We didn't spend much time on the exposure of such information, and we'd probably benefit from an exchange at this point since we're making this public via APIs, so won't be able to regret from now on. For example, we have an entire state tracking system, that includes tasks, metadata, logging, timing, persistence, execution, etc, all nicely associated with specific events. Yet we've been side-stepping it for our recent features. It sounds like this is relevant here, as there's a conflict between presenting the current state ("System is healthy") vs. understanding what happened in the past ("We had 5 failures, the last one was 10 minutes ago, and here is the log for that last one"). This API is a nice entry point into checks, but we'd probably benefit from not redoing the entire state tracking system again here.

As an aside that probably goes away if we address that point, the field naming should probably be considered a bit further here before putting it into a stable API. Note:

Failures (fine, matches the plan)

LastError (not Failure?)

ErrorDetails (not Last?)

Instead of just renaming it, though, and having a loosely defined idea of what is "the error" and "more details of the error", what if we had just a single "Log" entry, for insance? That's similar to what we have in our state system already, IIRC, and seems to work well.

Instead of agreeing on all these details right away, perhaps we should just strip down this PR a bit by dropping the two error string fields for now. We can come back into it after the foundation is in, and have a look at making use of the state system for the tracking of previous issues.

Yeah, fair enough. I've removed LastError and ErrorDetails for now and opened #103 to track a better approach.

I'll dig into this a bit further and update that issue.

client/checks.go

client/checks_test.go

niemeyer · 2022-01-31T18:47:22Z

client/services.go

+	Name     string         `json:"name"`
+	Startup  ServiceStartup `json:"startup"`
+	Current  ServiceStatus  `json:"current"`
+	Restarts int            `json:"restarts"`


Similar to the other comment, we need some documentation explaining what this field does as it's not obvious from context. When is it this value zeroed over the service lifetime?

Similar to the earlier point, I'm also wondering about exposing something we don't quite understand the use case for yet. In particular, saying the service got restarted 19823 times vs. 19824 is not super useful. What is the admin trying to do, and how do we accommodate it in the best way possible?

To be clear, it's okay that we have this data internally, but it'd be nice to clarify/polish it a bit before we expose it in the API.

Similar to above, I've removed ServiceInfo.Restarts for now and opened #104 to track discussion. I actually think this field will be quite useful for debugging.
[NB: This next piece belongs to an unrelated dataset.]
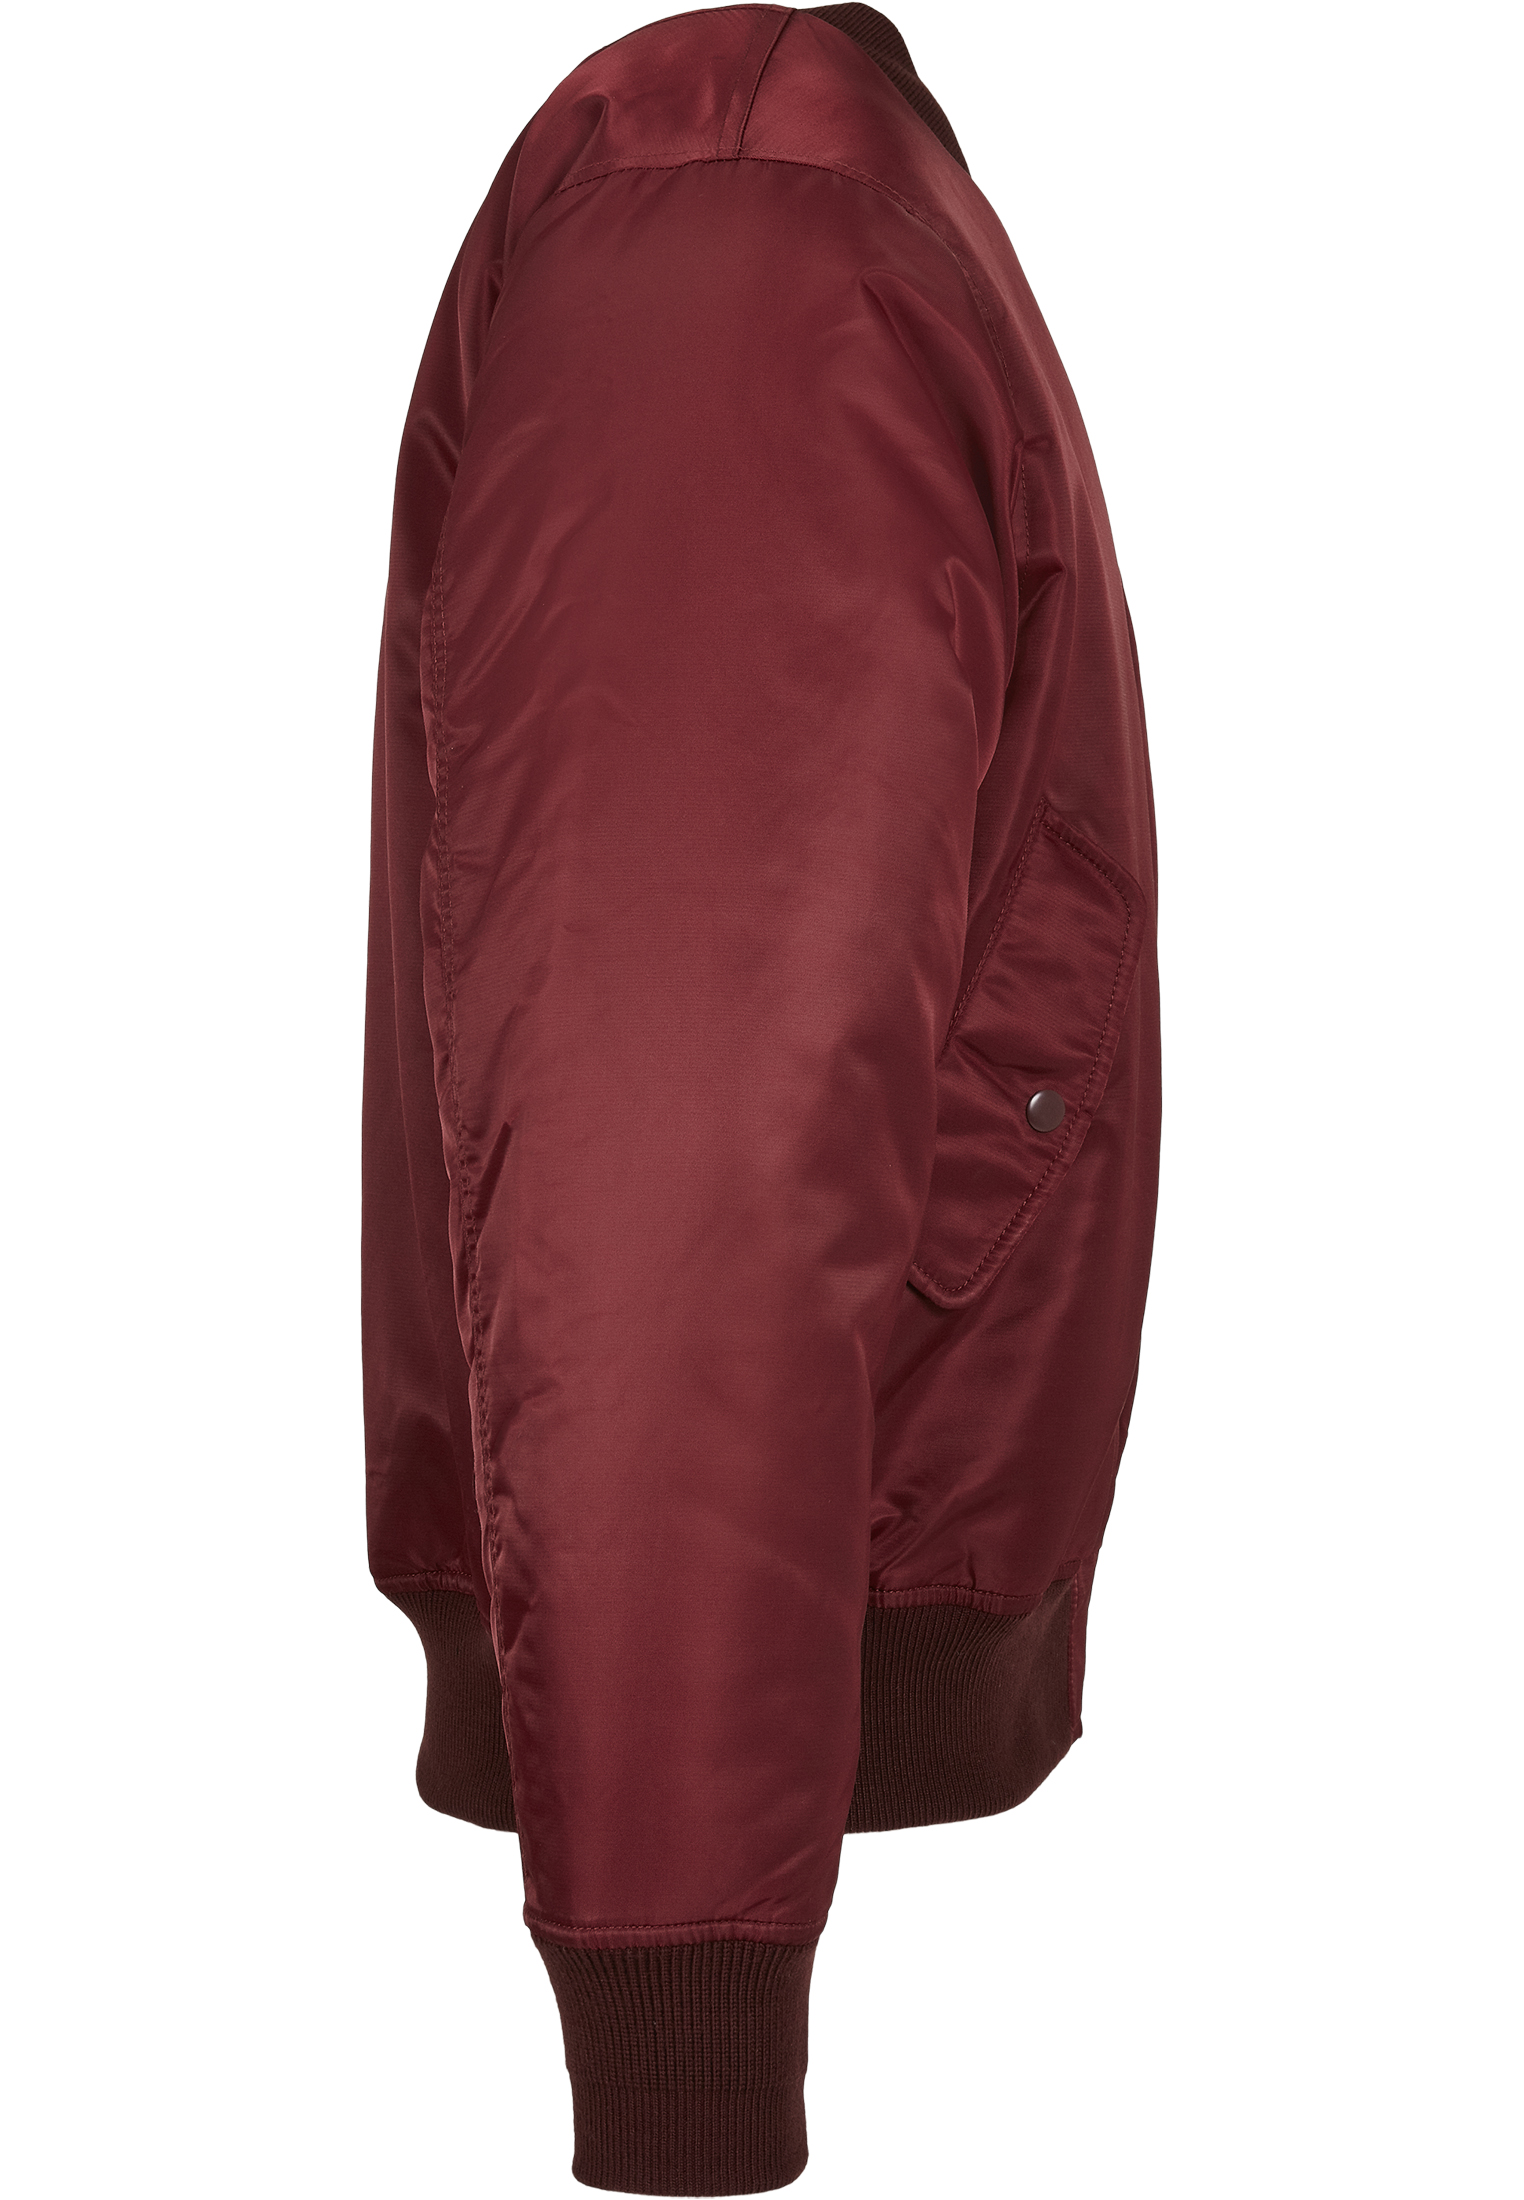 Build Your Brandit MA1 Jacket in Farbe burgundy

Care to read my comments there and add your thoughts?

cmd/pebble/cmd_checks.go

internal/daemon/api_checks.go

internal/daemon/api_services.go

niemeyer · 2022-01-31T21:04:19Z

internal/daemon/daemon.go

+		httpAPI := httpapi.NewAPI(d.overlord.CheckManager())
+		d.httpServer = &http.Server{Handler: httpAPI}
+		d.tomb.Go(func() error {
+			logger.Debugf("Starting HTTP API on http://localhost%s", d.httpServer.Addr)


This is not true I believe. :4000 is the same as 0.0.0.0:4000, which is not the same as 127.0.0.1:4000.

I'm also slightly concerned about the introduction of this logic without us having discussed what we want in the medium term. Per conversations we had too many months ago (you were probably not around, Ben), Pebble was designed to eventually support the same protocol over other transports in addition to its unix socket. It feels like this is bolted in quickly and without much thinking around how to name this API, or how to integrate this server, in a way that faciliates that work in the near future.

To be clear, I'm not suggesting we need to do much work now to support that future reality, but we should at least understand how we want to design its entry points so that we can move there when the time comes.

Yeah, fair enough. See comments below.

niemeyer · 2022-01-31T21:09:58Z

internal/httpapi/httpapi.go

+		writeError(w, http.StatusMethodNotAllowed, "method not allowed")
+	})
+
+	s.router.HandleFunc("/v1/health", s.getHealth).Methods("GET")


Similar idea here: this is being bolted on ignoring everything else we already have in Pebble. Note that the stock daemon in Pebble already supports multiple sockets, where each socket supports different endpoints, and potentially even different parameters depending on how the actual handshake with the protocol was made.

It may be useful to understand how this is used by snapd: we have two different sockets, one that is trusted, and one that is untrusted. The untrusted socket will never be able to access certain priviliged APIs, while the trusted socket may access certain APIs, but only if it's being accessed by root. In other words, the untrusted socket cannot see the privileged APIs even if it is accessing the socket as root, because inside the container being root is not actually a sign of privilege as far as snapd is concerned.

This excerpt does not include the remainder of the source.